EXERCISE PROMPT
In your copy, include every line of the listing below exactly but none of the pictures.

DATA EXCERPT
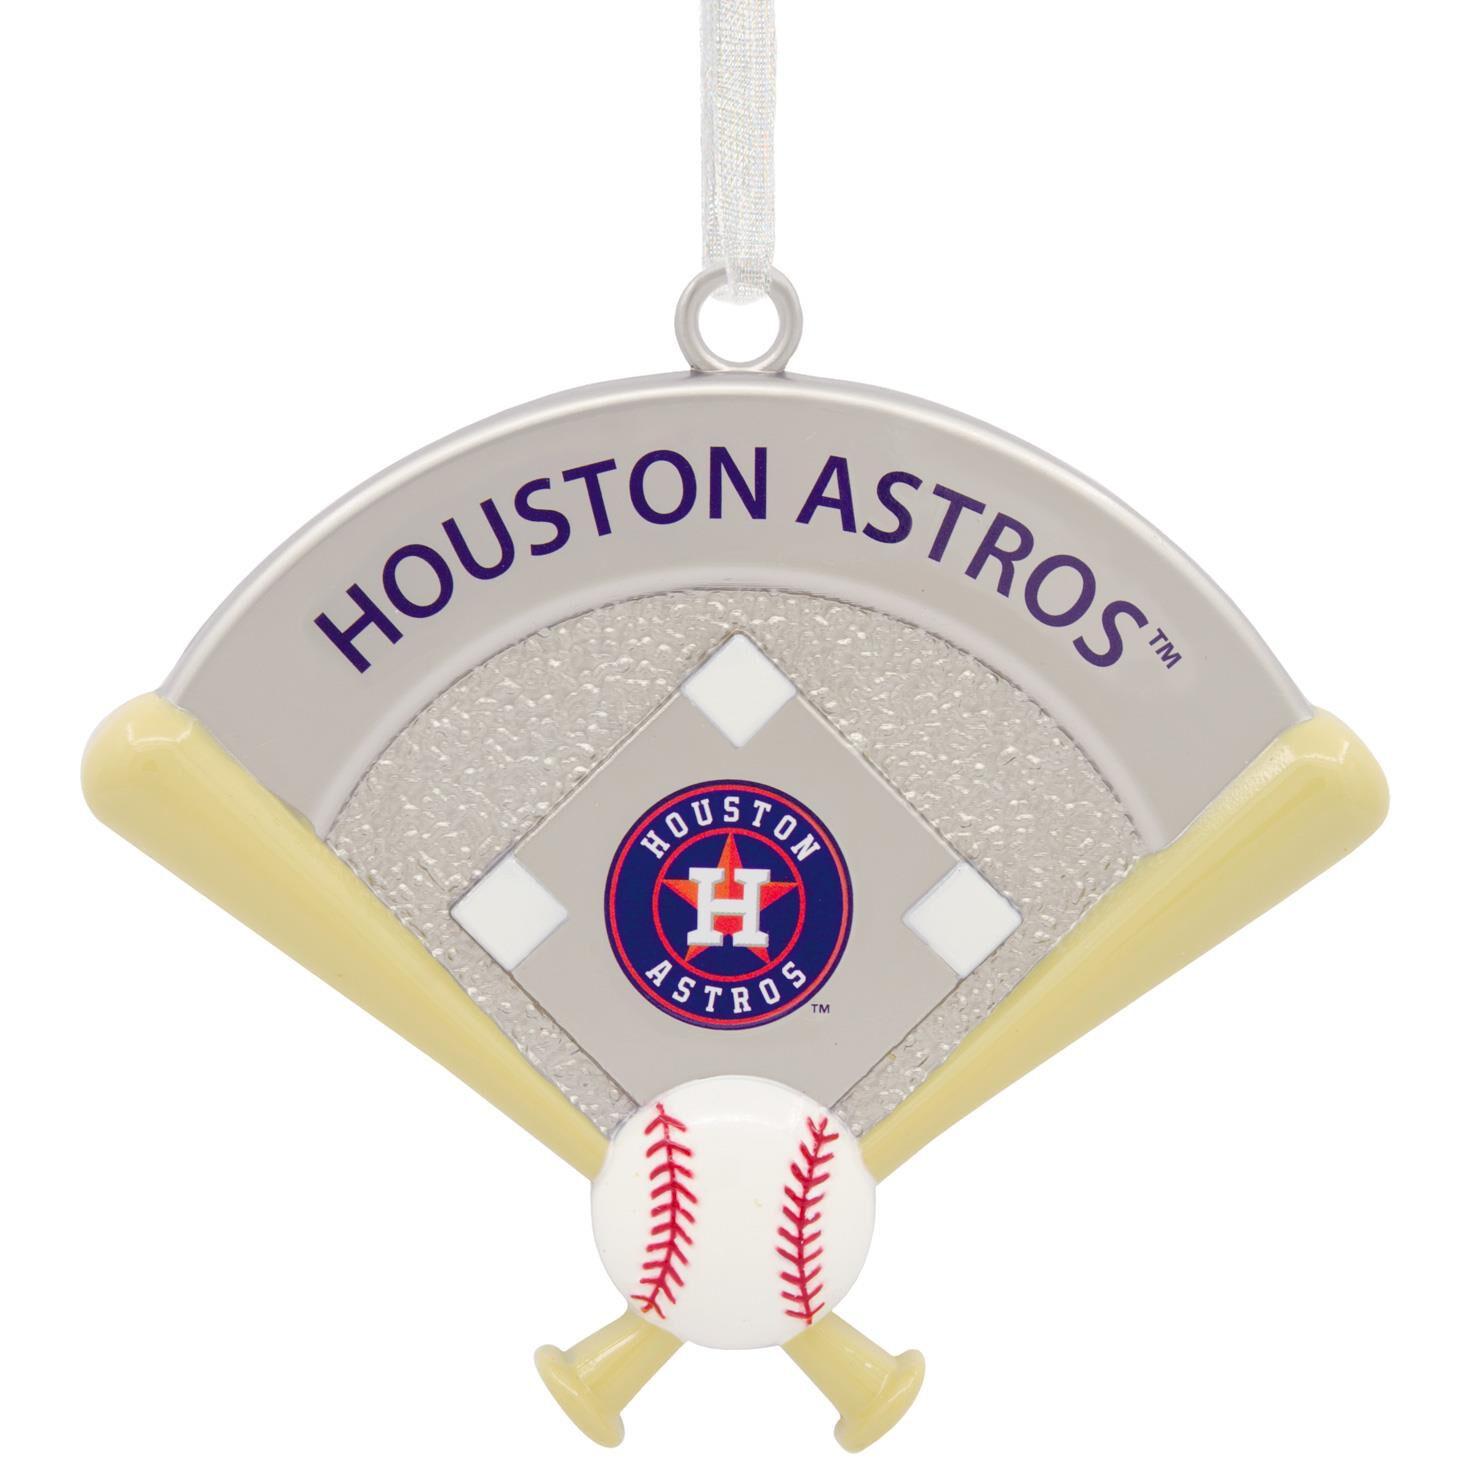 mlb houston astros metal hallmark ornament gift ornaments hallmark
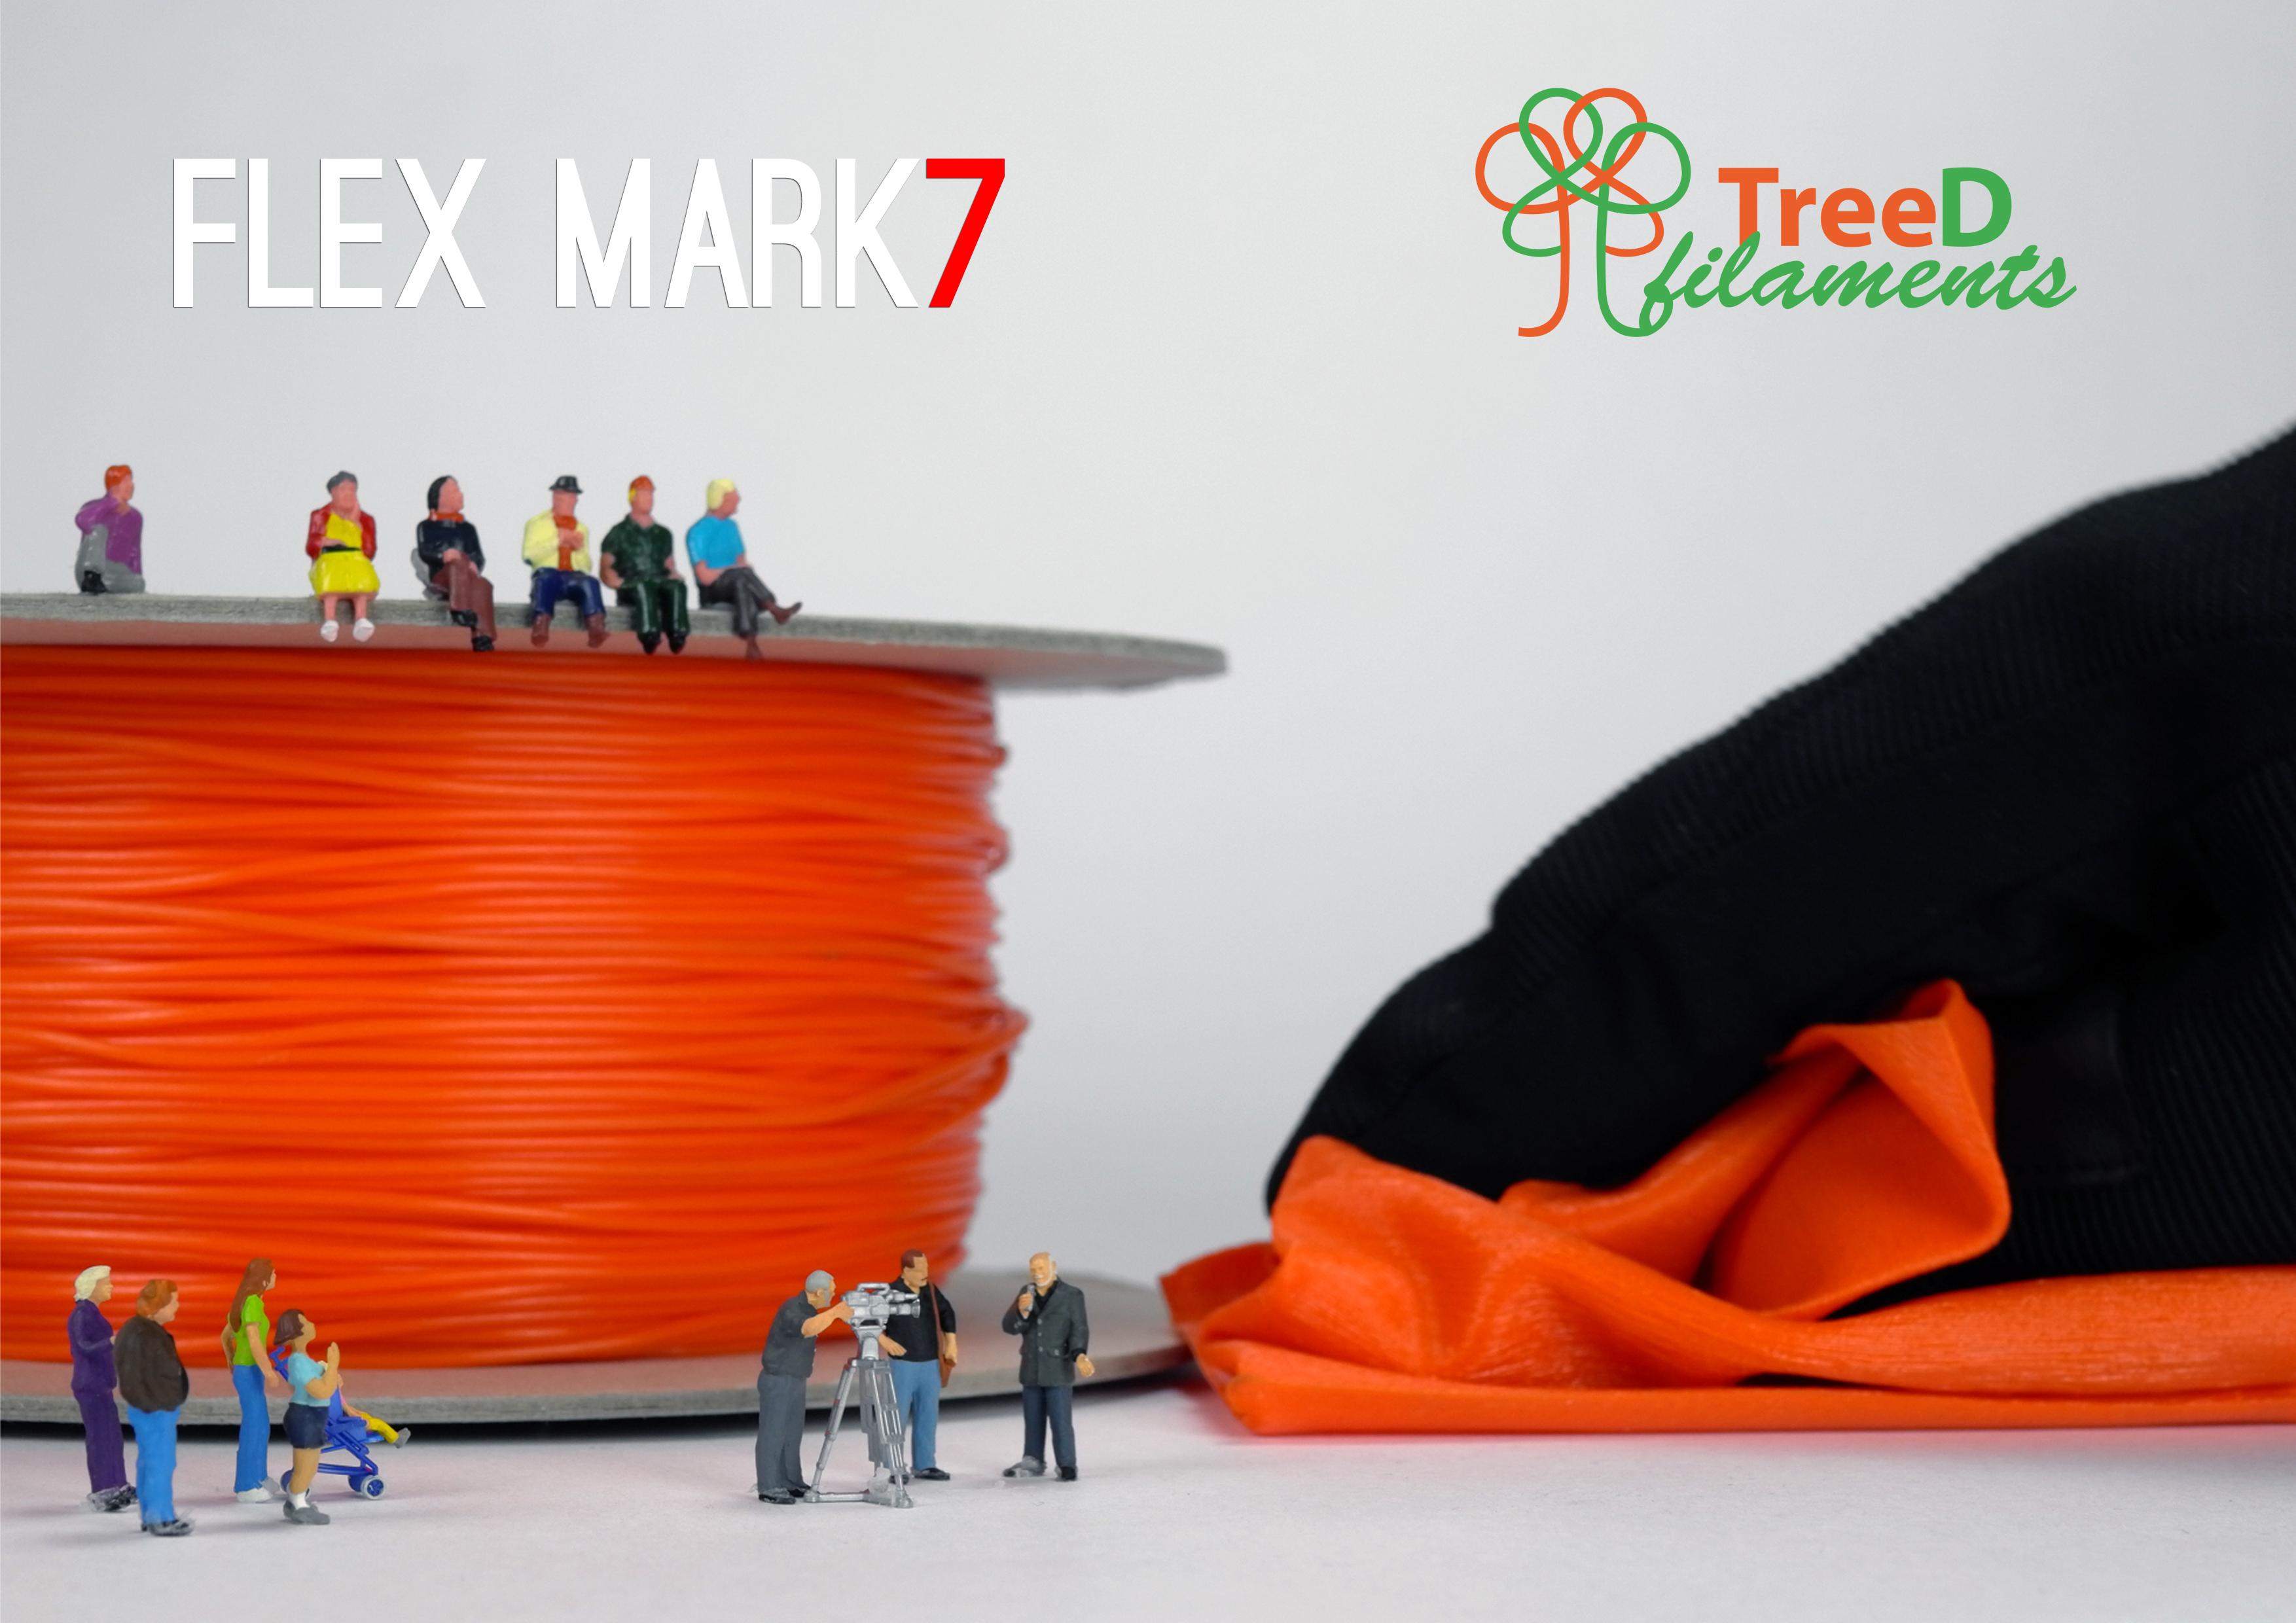 Treedfilaments Flexmark
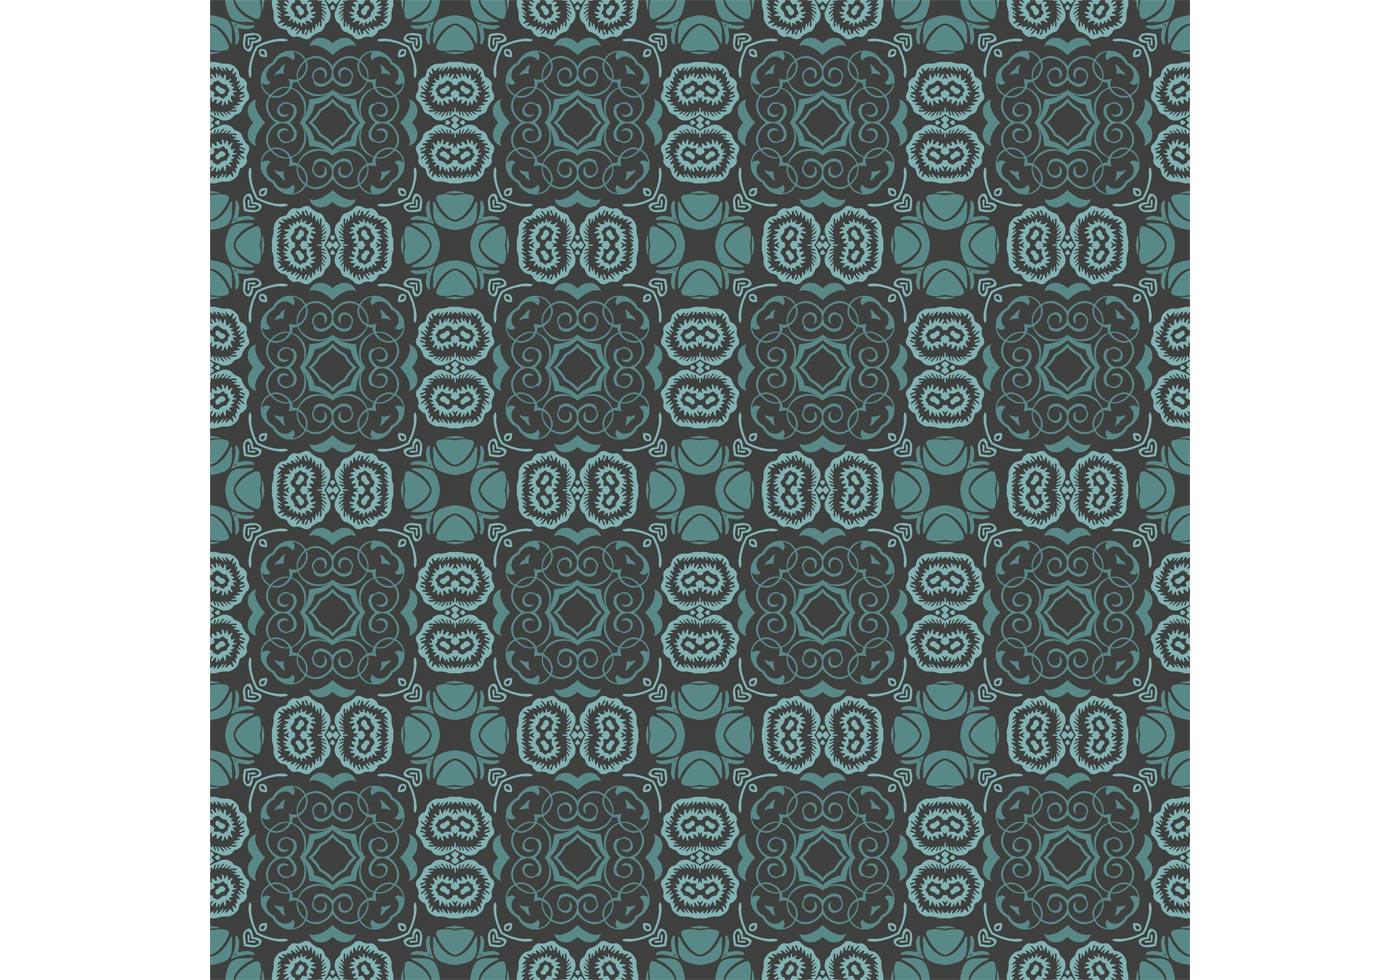 Free Decorative Wallpaper Pattern Download Free Vector Art Stock

SOLUTION
 mlb houston astros metal hallmark ornament gift ornaments hallmark
 Treedfilaments Flexmark
 Free Decorative Wallpaper Pattern Download Free Vector Art Stock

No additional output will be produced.